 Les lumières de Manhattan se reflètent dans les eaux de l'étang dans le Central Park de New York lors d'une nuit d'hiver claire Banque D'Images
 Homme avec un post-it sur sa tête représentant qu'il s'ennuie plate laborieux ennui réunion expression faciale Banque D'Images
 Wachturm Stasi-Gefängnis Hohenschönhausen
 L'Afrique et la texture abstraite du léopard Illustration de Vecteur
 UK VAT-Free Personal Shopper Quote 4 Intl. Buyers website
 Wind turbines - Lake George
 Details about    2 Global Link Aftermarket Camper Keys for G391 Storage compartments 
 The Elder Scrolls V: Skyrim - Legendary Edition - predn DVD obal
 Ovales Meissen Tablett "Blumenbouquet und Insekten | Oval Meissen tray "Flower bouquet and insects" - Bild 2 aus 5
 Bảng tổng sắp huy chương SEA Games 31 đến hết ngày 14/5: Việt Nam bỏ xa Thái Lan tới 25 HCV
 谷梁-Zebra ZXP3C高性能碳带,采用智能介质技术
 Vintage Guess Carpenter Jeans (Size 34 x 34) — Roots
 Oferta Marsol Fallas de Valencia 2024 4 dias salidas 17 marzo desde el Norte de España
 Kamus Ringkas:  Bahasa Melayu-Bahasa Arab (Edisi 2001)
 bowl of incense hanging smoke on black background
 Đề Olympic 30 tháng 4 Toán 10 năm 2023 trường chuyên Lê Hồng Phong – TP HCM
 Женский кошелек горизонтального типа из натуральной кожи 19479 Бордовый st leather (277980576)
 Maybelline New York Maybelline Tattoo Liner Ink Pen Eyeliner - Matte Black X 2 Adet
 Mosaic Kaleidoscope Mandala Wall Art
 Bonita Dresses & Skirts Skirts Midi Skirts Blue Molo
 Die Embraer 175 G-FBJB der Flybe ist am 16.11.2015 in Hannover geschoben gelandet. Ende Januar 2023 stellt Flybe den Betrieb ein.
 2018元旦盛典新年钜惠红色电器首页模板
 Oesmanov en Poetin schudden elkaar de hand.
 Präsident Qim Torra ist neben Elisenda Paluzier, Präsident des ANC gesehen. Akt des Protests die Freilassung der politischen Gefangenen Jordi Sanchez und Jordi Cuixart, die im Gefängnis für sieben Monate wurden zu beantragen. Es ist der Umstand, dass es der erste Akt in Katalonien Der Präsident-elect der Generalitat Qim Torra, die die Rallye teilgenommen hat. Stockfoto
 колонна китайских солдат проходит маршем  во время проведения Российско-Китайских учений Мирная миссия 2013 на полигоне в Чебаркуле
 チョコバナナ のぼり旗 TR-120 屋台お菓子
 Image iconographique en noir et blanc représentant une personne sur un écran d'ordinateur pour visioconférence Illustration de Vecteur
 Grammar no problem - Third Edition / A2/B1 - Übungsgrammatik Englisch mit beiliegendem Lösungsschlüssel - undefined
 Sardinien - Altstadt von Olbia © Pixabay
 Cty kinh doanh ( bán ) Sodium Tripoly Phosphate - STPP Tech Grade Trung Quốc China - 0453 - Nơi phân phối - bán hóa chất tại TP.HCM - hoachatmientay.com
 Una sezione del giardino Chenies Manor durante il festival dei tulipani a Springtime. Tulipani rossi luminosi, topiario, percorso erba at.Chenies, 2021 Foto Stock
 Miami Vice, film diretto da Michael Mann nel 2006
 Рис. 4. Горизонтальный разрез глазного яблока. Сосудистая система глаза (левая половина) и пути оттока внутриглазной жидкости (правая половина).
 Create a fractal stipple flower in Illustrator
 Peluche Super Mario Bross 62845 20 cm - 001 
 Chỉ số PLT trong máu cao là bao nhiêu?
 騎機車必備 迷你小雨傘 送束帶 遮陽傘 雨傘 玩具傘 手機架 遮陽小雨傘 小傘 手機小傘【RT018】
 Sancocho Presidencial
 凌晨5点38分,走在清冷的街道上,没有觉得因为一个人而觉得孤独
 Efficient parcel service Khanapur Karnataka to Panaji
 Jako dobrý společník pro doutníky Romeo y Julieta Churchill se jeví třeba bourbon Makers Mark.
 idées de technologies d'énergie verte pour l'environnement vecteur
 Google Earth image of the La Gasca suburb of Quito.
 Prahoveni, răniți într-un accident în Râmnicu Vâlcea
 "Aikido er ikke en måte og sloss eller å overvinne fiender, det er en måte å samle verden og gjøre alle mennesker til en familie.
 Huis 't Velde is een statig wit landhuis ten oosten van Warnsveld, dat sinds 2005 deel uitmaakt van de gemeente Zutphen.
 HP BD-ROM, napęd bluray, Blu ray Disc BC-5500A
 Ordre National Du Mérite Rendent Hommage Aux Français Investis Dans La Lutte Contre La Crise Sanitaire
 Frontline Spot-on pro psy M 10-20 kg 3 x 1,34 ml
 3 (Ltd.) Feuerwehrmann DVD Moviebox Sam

++++++++++

Task to complete: Print each line, starting with the one that contains "騎機車必備 迷你小雨傘 送束帶" and ending with the last line of the data, exactly as it stands and with no other lines.

Response:
 騎機車必備 迷你小雨傘 送束帶 遮陽傘 雨傘 玩具傘 手機架 遮陽小雨傘 小傘 手機小傘【RT018】
 Sancocho Presidencial
 凌晨5点38分,走在清冷的街道上,没有觉得因为一个人而觉得孤独
 Efficient parcel service Khanapur Karnataka to Panaji
 Jako dobrý společník pro doutníky Romeo y Julieta Churchill se jeví třeba bourbon Makers Mark.
 idées de technologies d'énergie verte pour l'environnement vecteur
 Google Earth image of the La Gasca suburb of Quito.
 Prahoveni, răniți într-un accident în Râmnicu Vâlcea
 "Aikido er ikke en måte og sloss eller å overvinne fiender, det er en måte å samle verden og gjøre alle mennesker til en familie.
 Huis 't Velde is een statig wit landhuis ten oosten van Warnsveld, dat sinds 2005 deel uitmaakt van de gemeente Zutphen.
 HP BD-ROM, napęd bluray, Blu ray Disc BC-5500A
 Ordre National Du Mérite Rendent Hommage Aux Français Investis Dans La Lutte Contre La Crise Sanitaire
 Frontline Spot-on pro psy M 10-20 kg 3 x 1,34 ml
 3 (Ltd.) Feuerwehrmann DVD Moviebox Sam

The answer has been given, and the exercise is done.